:: Problem details ::
The line with "BGSD Womens Kim" marks where to begin; print it and all lines after it in the material below exactly, skipping pictures.

:: Data excerpt ::
□ □ □ □ □

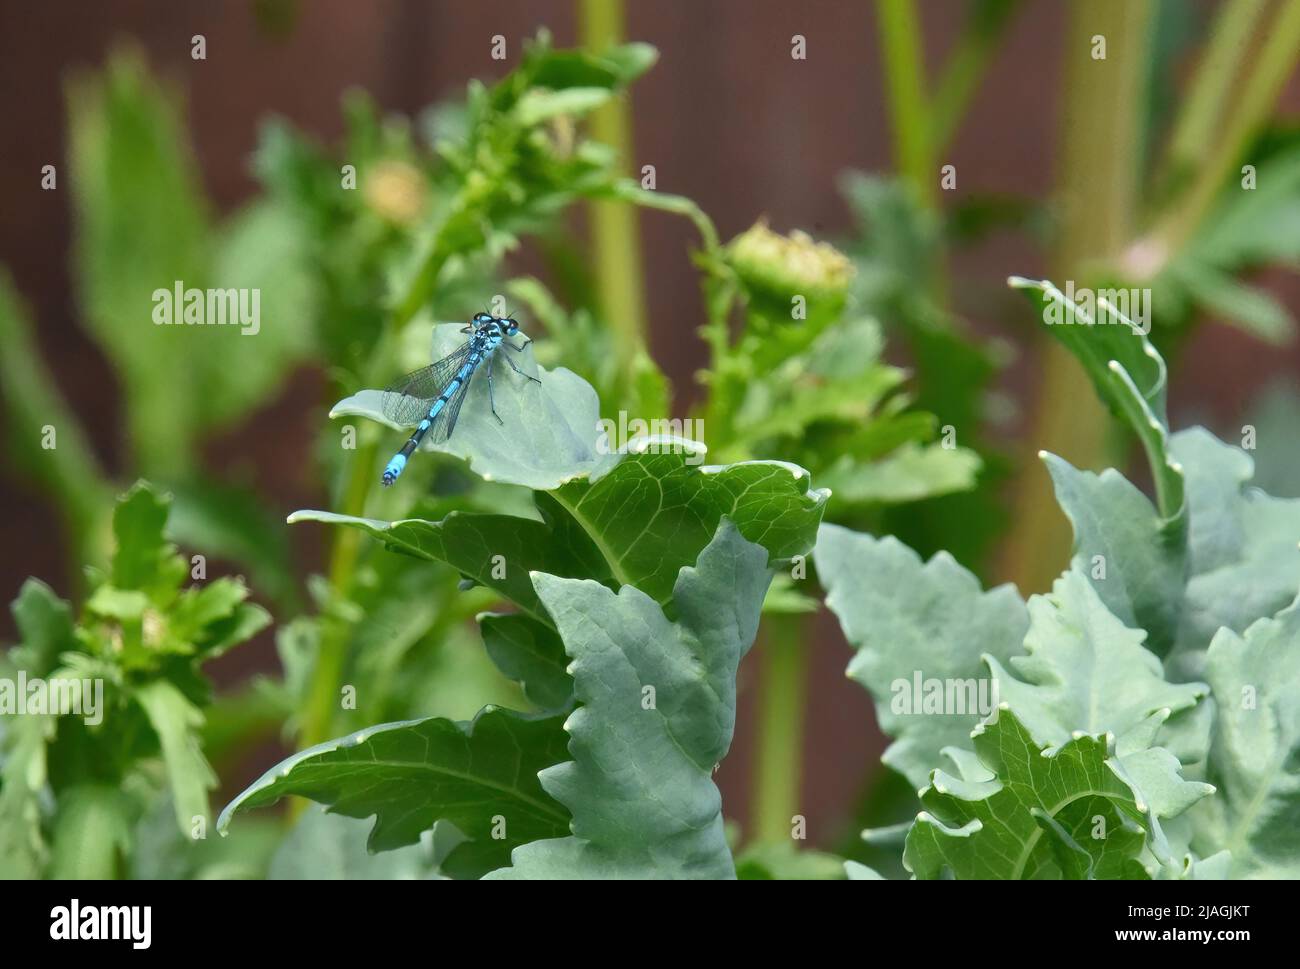 blue damsel fly on a leaf Stock Photo
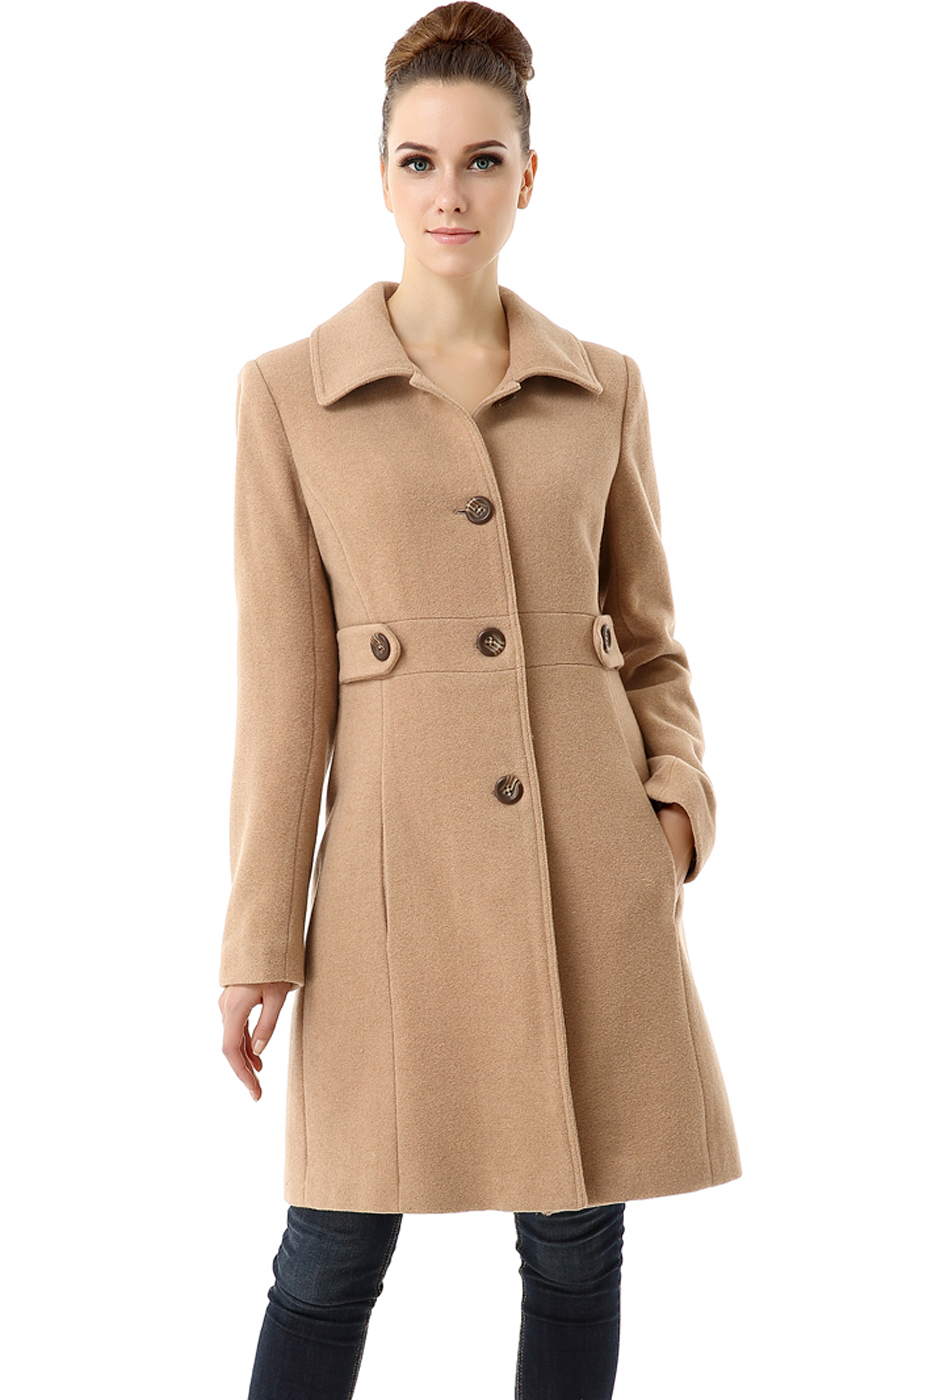 BGSD Womens Kim Wool Walking Coat Regular /& Plus Size /& Petite
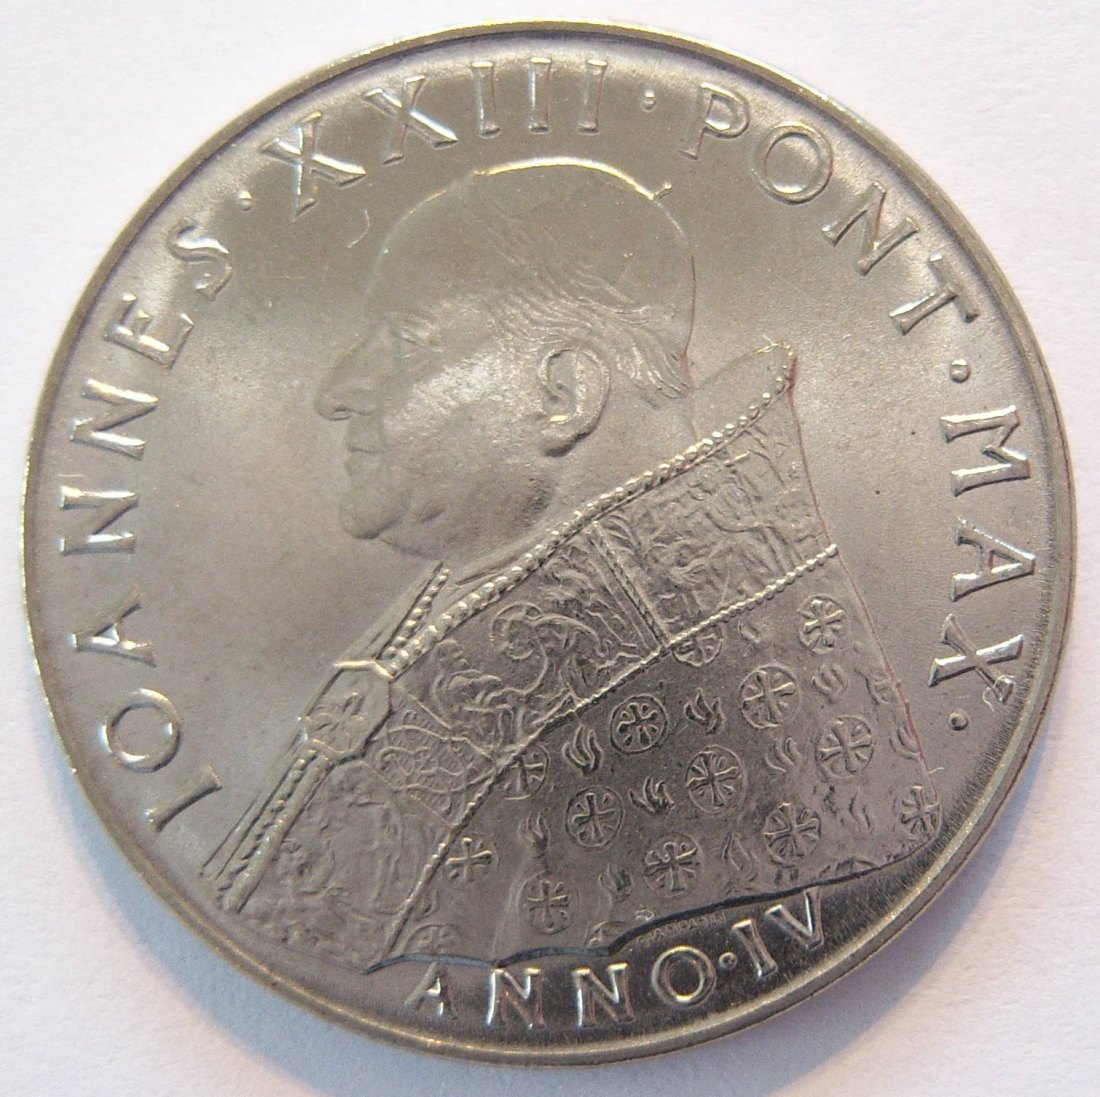  Vatikan 100 Lire 1962

□ □ □ □ □

:: Answer for this exercise ::
 BGSD Womens Kim Wool Walking Coat Regular /& Plus Size /& Petite
  Vatikan 100 Lire 1962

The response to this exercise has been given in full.